TASK PROMPT:
Drop all images. Then write out each line below exactly as given.

RAW DATA:

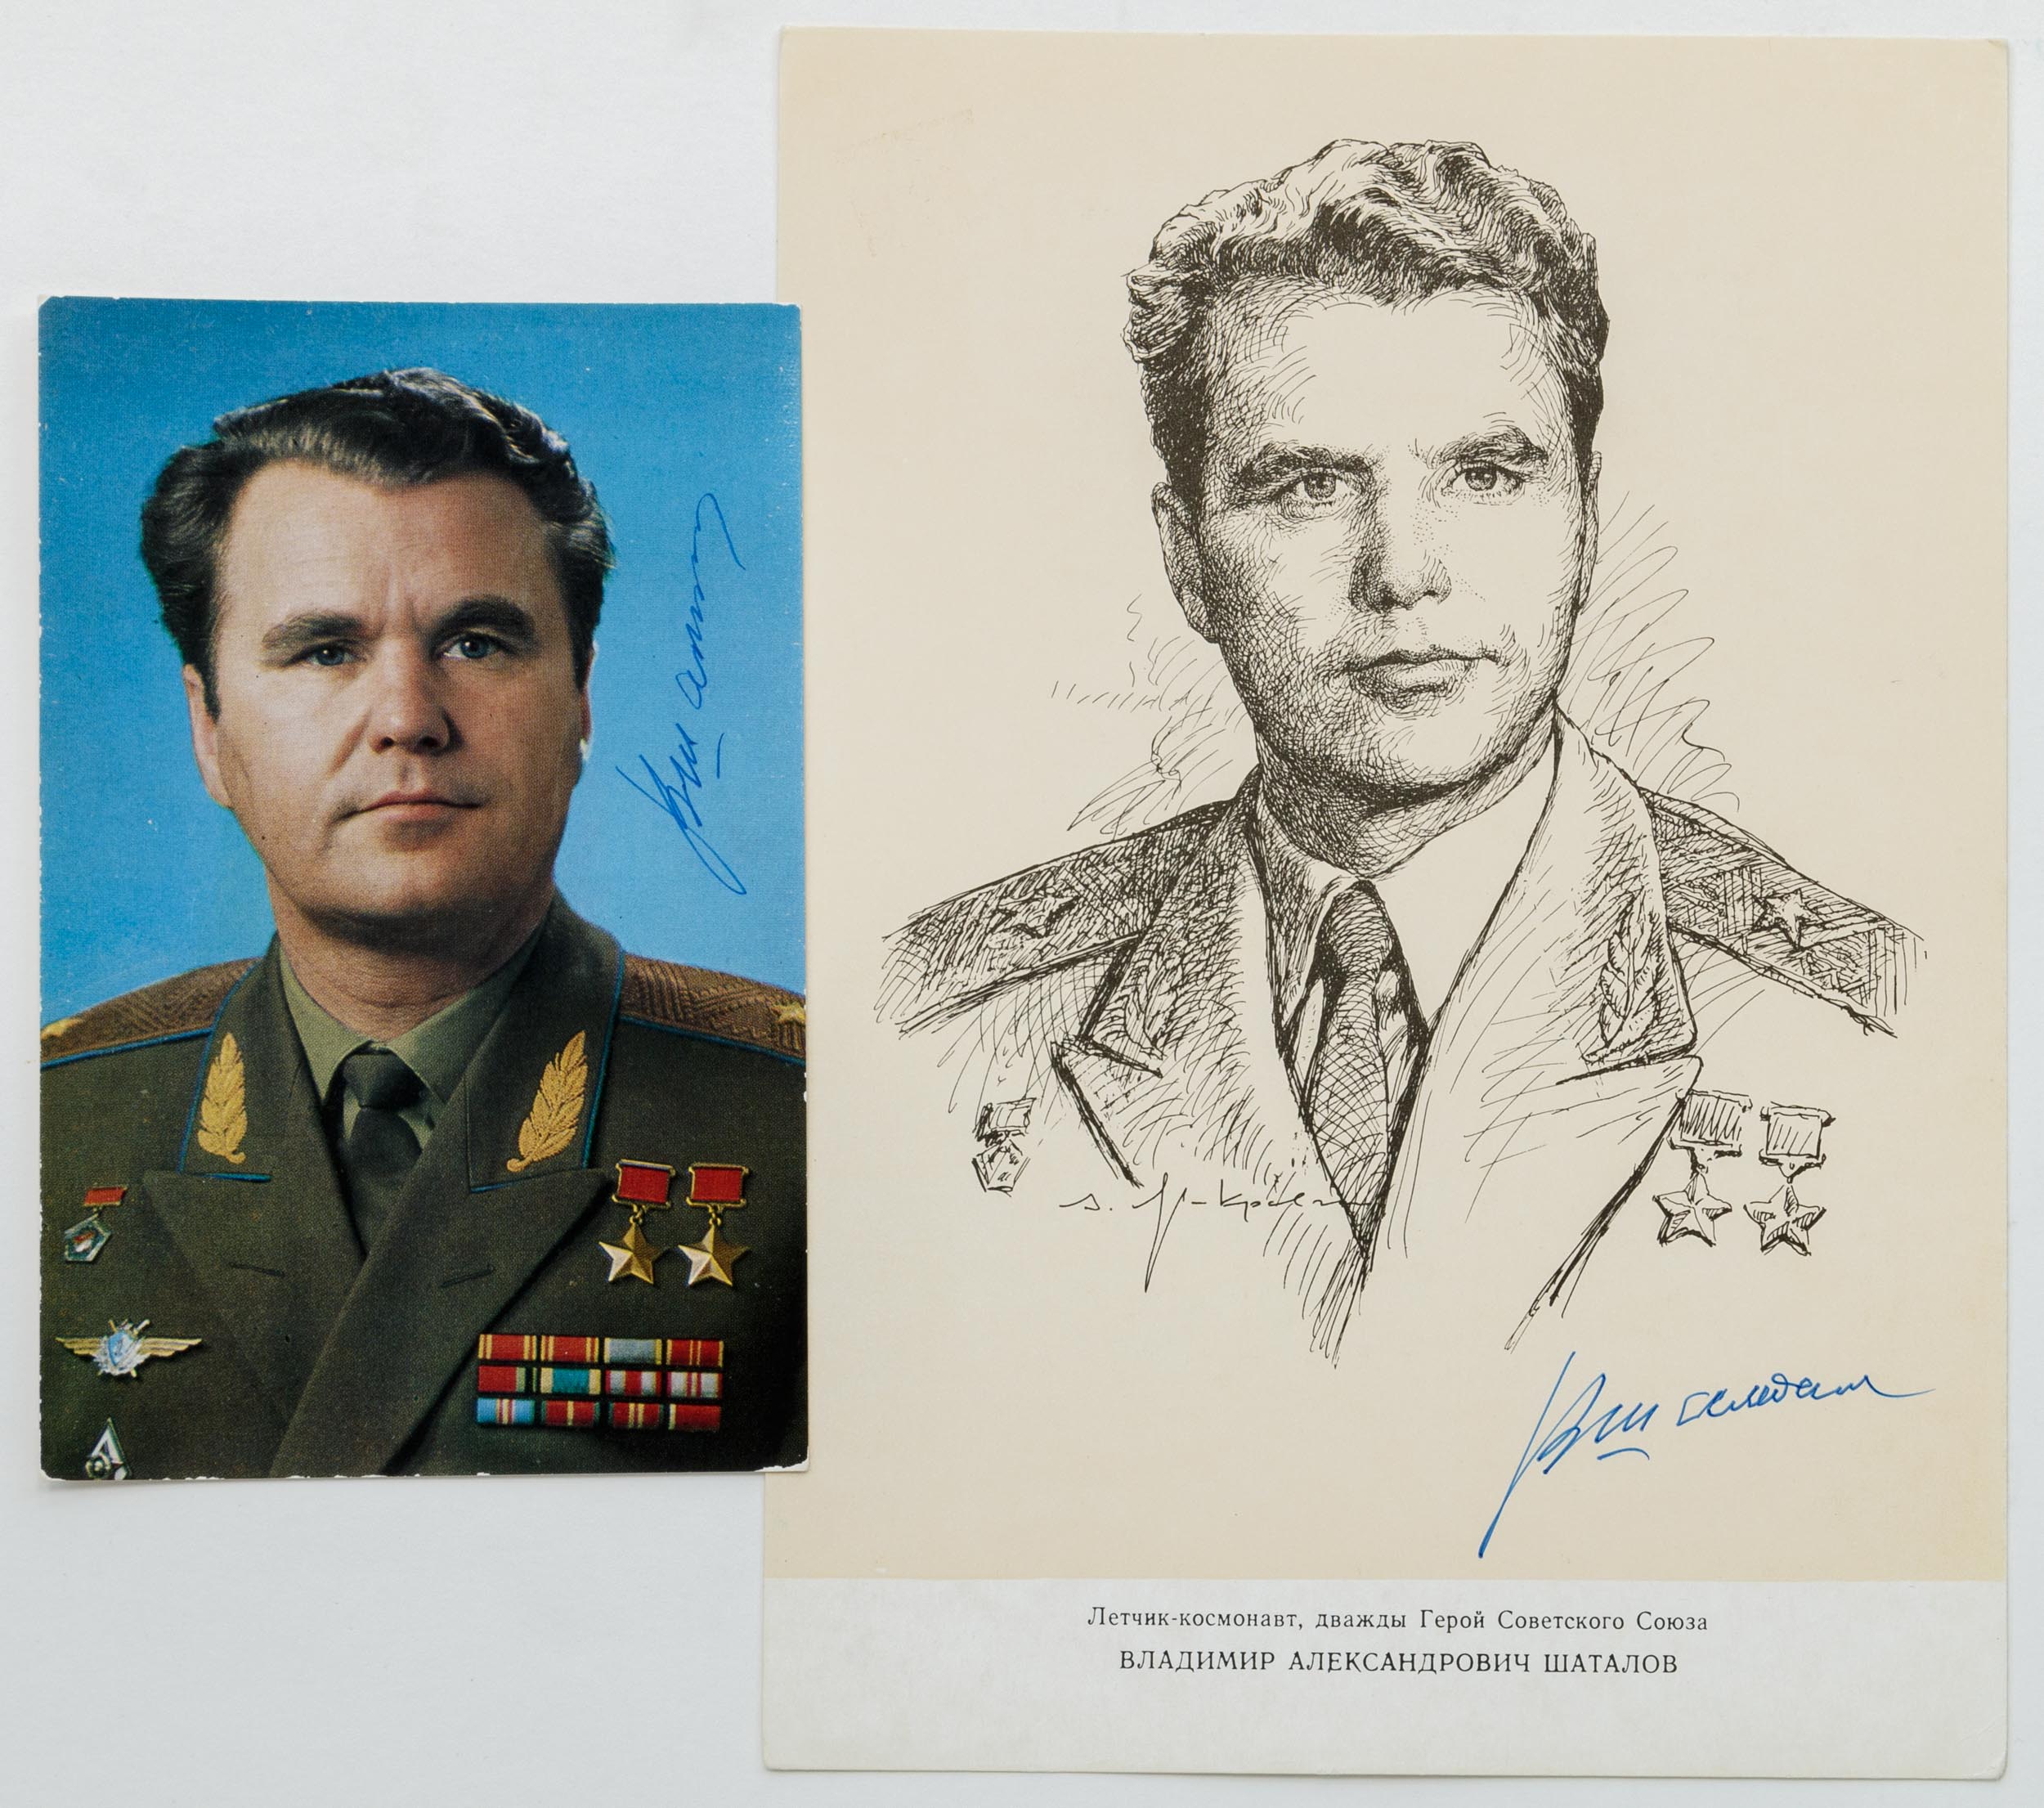 Сет из фотооткрытки с портретом и репродукции с портретом летчика-космонавта В.А. Шаталова, с автографами.
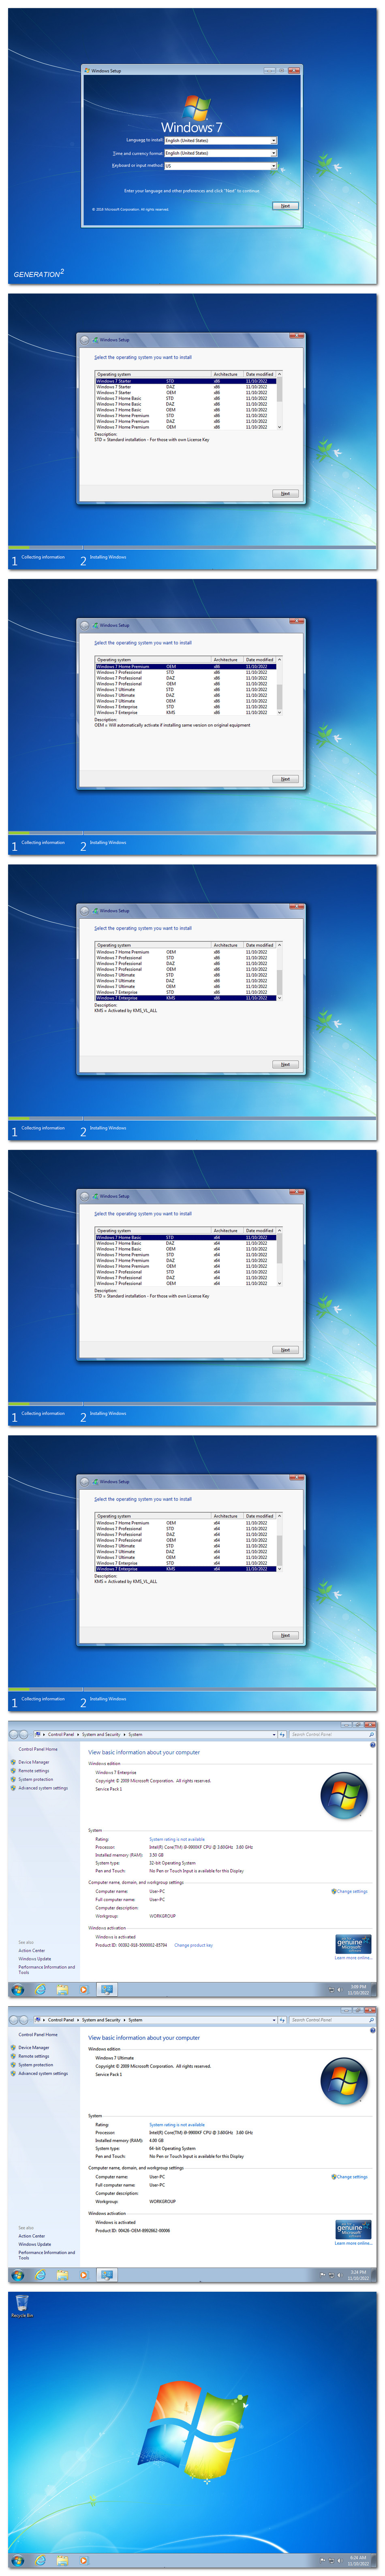 Windows 7 SP1 DUAL BOOT 31in1 OEM ESD en US NOV 2022 Gen2
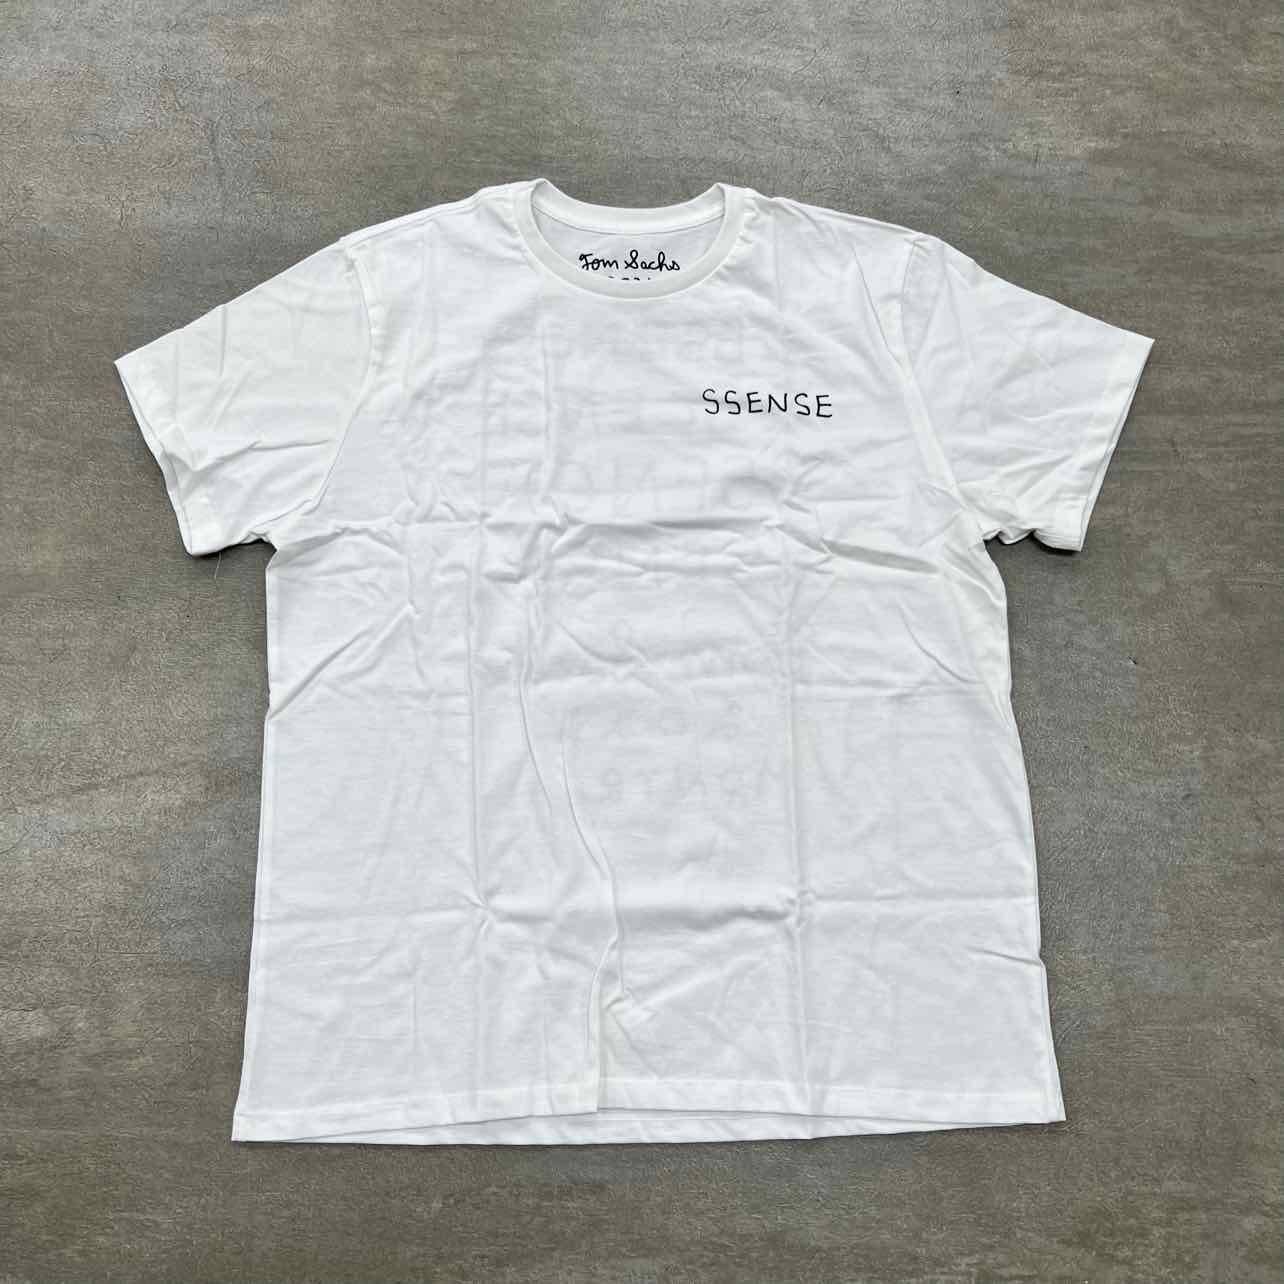 Tom Sachs T-Shirt "SSENSE" White New Size M
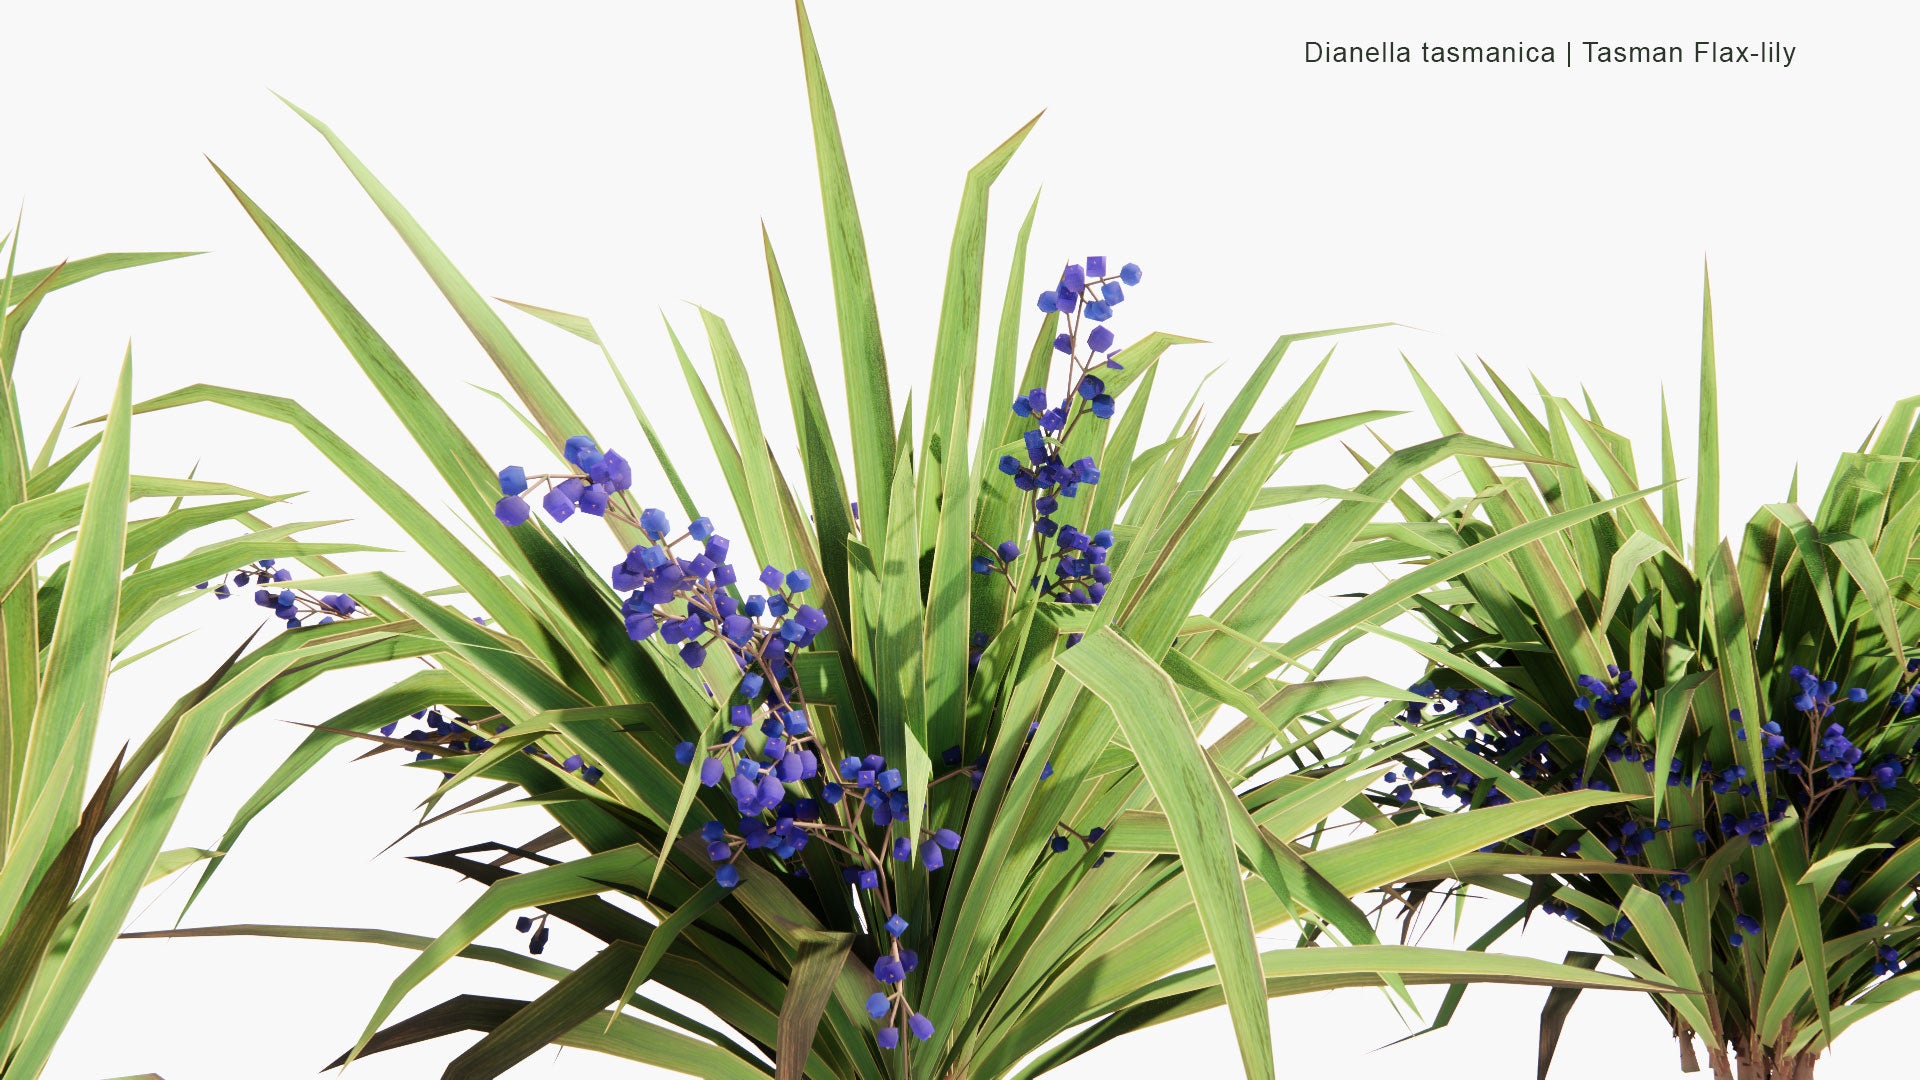 Low Poly Dianella Tasmanica - Tasman Flax-Lily, Tasmanian Flax-Lily (3D Model)

REPLY TO THE TASK:
 Сет из фотооткрытки с портретом и репродукции с портретом летчика-космонавта В.А. Шаталова, с автографами.
 Windows 7 SP1 DUAL BOOT 31in1 OEM ESD en US NOV 2022 Gen2
 Tom Sachs T-Shirt "SSENSE" White New Size M
 Low Poly Dianella Tasmanica - Tasman Flax-Lily, Tasmanian Flax-Lily (3D Model)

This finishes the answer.